Hyundai and other automakers

Other automakers reported varying results for the first quarter, as inventories and sales normalize to levels not seen since before the Covid-19 pandemic began.

Hyundai Motor America CEO Randy Parker noted the industry is getting more competitive as automakers attempt to maintain profits of recent years without oversubsidizing sales.

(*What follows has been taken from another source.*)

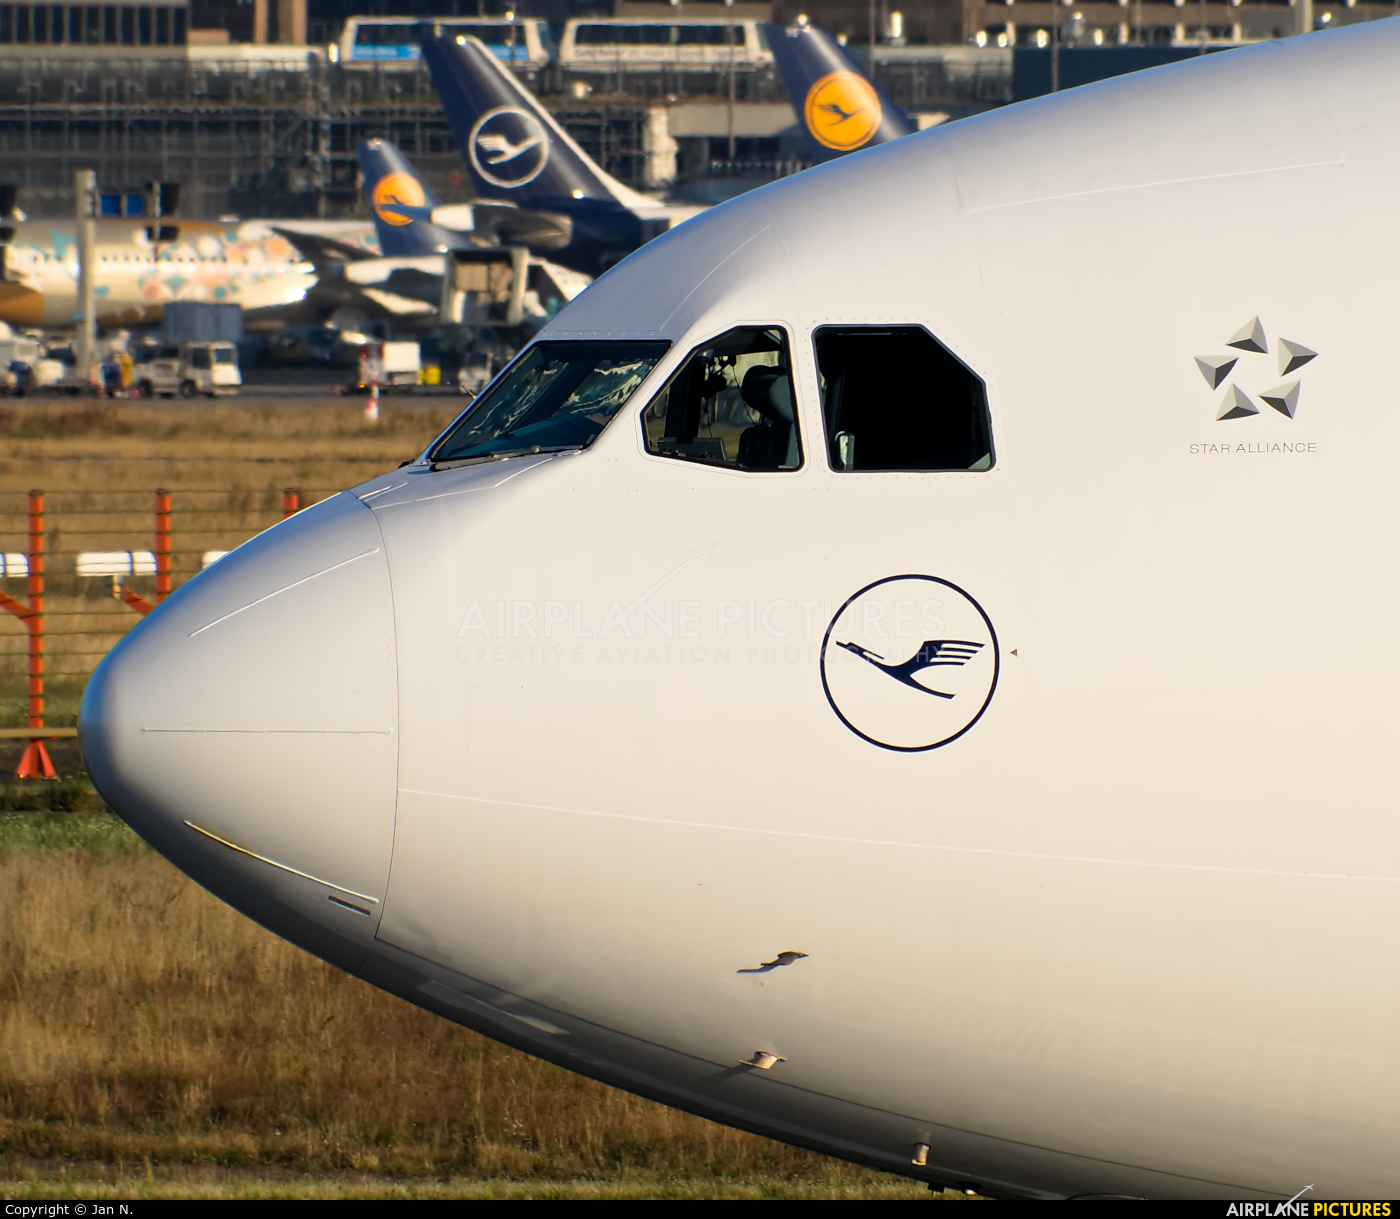 Lufthansa D-AIKO aircraft at Frankfurt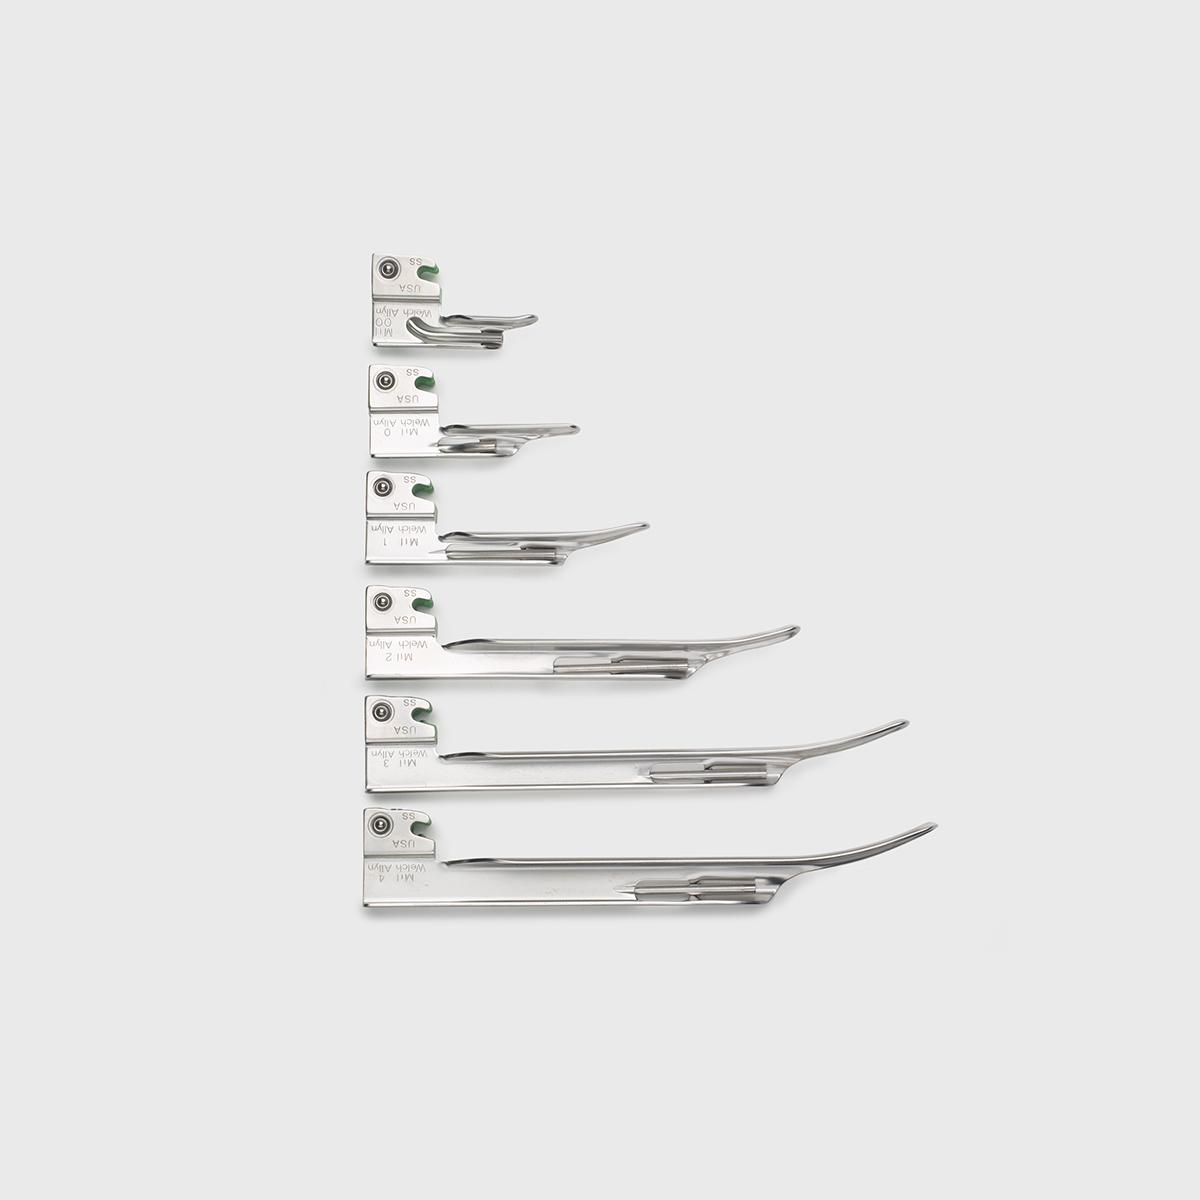 Six Miller Fibre Optic Laryngoscope System blades of various size

“The market is changing swiftly, and it’s gotten a lot more competitive,” Parker said Tuesday during a media call.

Hyundai reported its best March sales ever last month, at 76,920 vehicles sold, but its first-quarter sales were only up 0.2% compared to a year earlier.

Separately, Hyundai’s Genesis luxury brand reported sales of 14,777 vehicles during the first quarter, up 7.3% year over year.

Here is how other major automakers performed in U.S. sales compared to the first quarter of 2023:

  • Toyota Motor reported a 16% increase in sales, including a 16.1% increase in March. The company sold nearly 388,000 vehicles during the first three months of the year.
  • Honda Motor reported a 17.3% jump in sales to nearly 334,000 vehicles sold, including a 10.1% increase in March.
  • Kia reported sales of 179,621 vehicles during the first quarter, off 2.5% year over year.
  • Nissan Group announced first quarter sales of 252,735 vehicles, a 7.2% increase from a year earlier.
  • EV startup Rivian Automotive reported vehicle deliveries of 13,588 vehicles during the first quarter, up from 7,946 vehicles a year earlier. The company reaffirmed guidance for annual production of 57,000 total vehicles, including 13,980 during the first three months of the year.